So there I am standing in the pet food aisle, pondering ways to put off heading home to my dark and empty house on this cold and windy Friday night.
I could go to the gym but my gear is at home. Movie? It’s only 1800h. I could go out and have a beach walk, it’s pitch black.
I realize that I have been standing there for a while and that I have no pets.
I look into the basket on my arm, it contains one large coffee mug and a hot water bottle.
I wish I was still on my hospital rotations because that way I could just go and do a round on the team’s patients. Then I catch the fact that I just wished I could go into the hospital and round on patients that I have no responsibility for.
I sense fear creeping into my thoughts. Is this what lies ahead for me if I stay on the surgical path? Is this what will happen when I have no life outside the hospital? That my evening plans on a Friday night will include stopping at Dunnes for a coffee mug and a water bottle before heading home to work on my research project and possibly watch a rerun of Parks and Recreation?

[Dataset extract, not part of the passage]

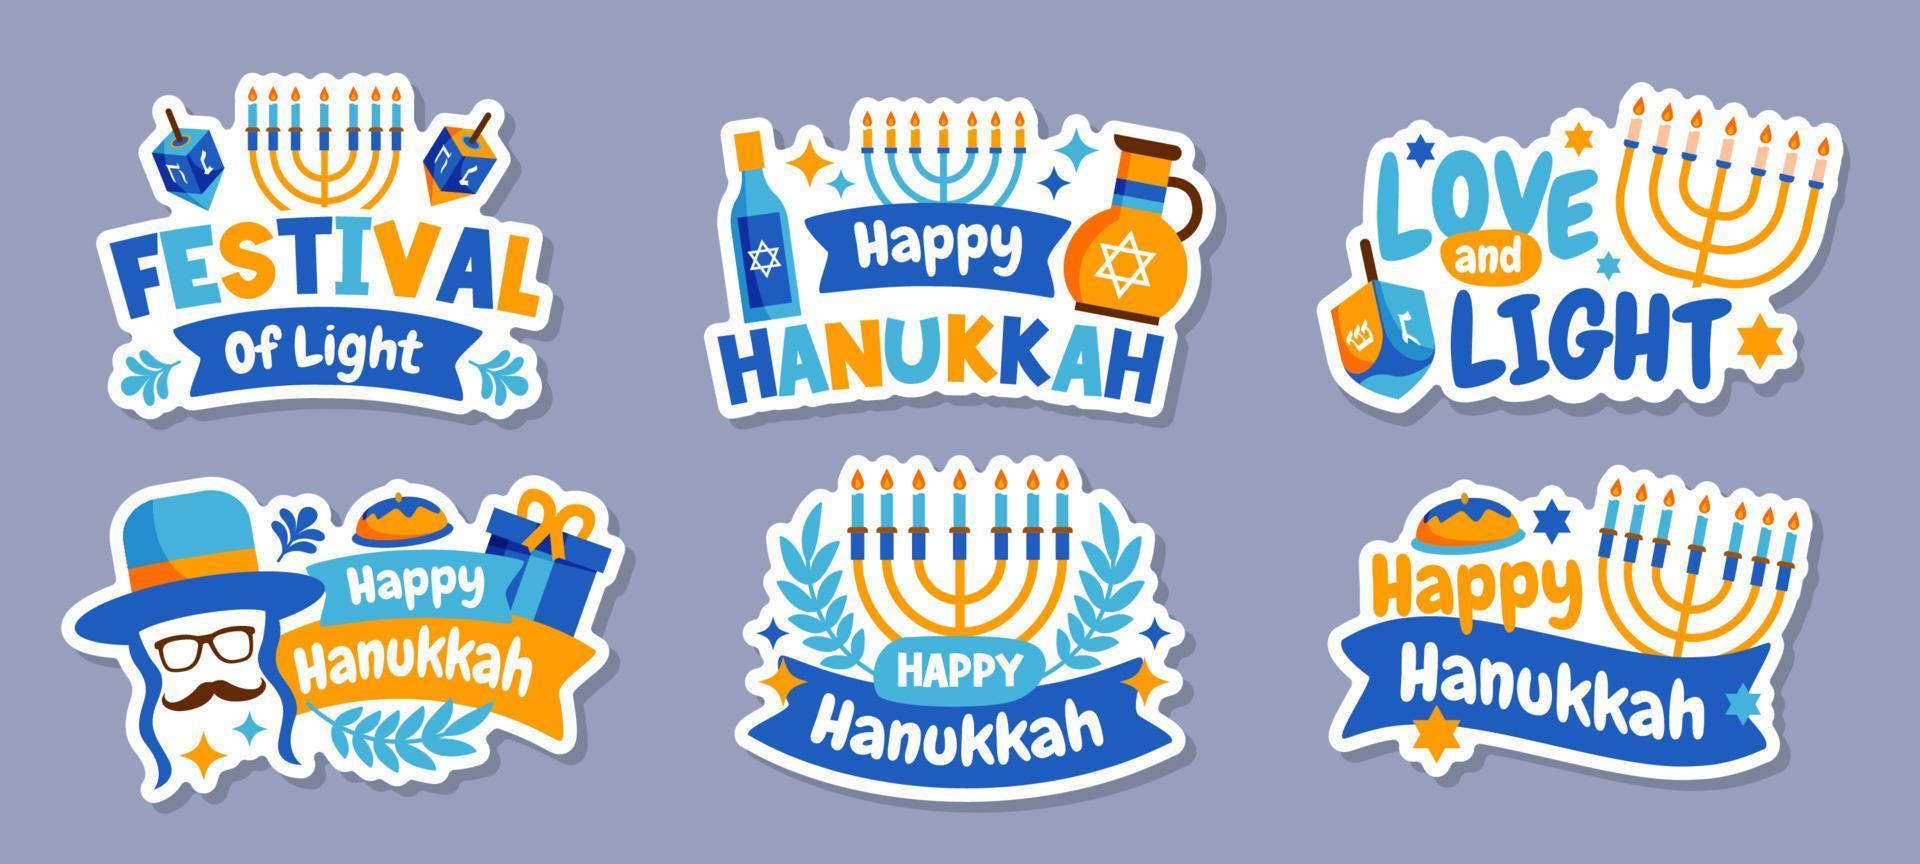 etiqueta engomada feliz de hanukkah vector

Should I drop this basket and get on the next flight back to Canada, get married, and start having babies? Is this the last chance before the sliding-door moment goes into the ‘no life’ story versus the ‘well rounded and happily fulfilled in all ways’ story?
And I actively decide that I will not feel sorry for myself. Not feel forlorn. Not with all these gifts and blessings.
I then feel forlorn and sorry for myself.
I walk into my dark house, set down my nearly comical collection of things from the grocery store: plain yogurt, chocolate milk, hot water bottle, mug, vanilla candle.
My phone buzzes with a text from M.C.
Yesterday I discovered an abdominal mass on one of my patients in GP so I sent him into M.C’s surgical clinic on an urgent referral. The text tells me, “CT found a large colonic mass and renal mass, likely mets, biopsy, might need Rt hemicolectomy and nephrectomy. Well done you!” I feel a little chuffed (for picking it up) and sad for the patient at the same time. Amazing how egos find their way, even into devastating news for patients.
Last night when I was falling asleep I had been questioning my assessment and my decision to ask M.C’s secretary to fit the patient into an already bursting outpatient clinic. She did it as a favor to me with the warning, “if this patient isn’t sick, consider this your one and only urgent referral”. Suppose that would count as sick.
It’s late now. The house is still quiet. I am just off the phone with my mother who is also feeling lonely and out of touch with the world. The pair of us.
The wind is causing the doors on my closet to rattle and the windows to shake. I suppose it is just going to be one of those stormy nights.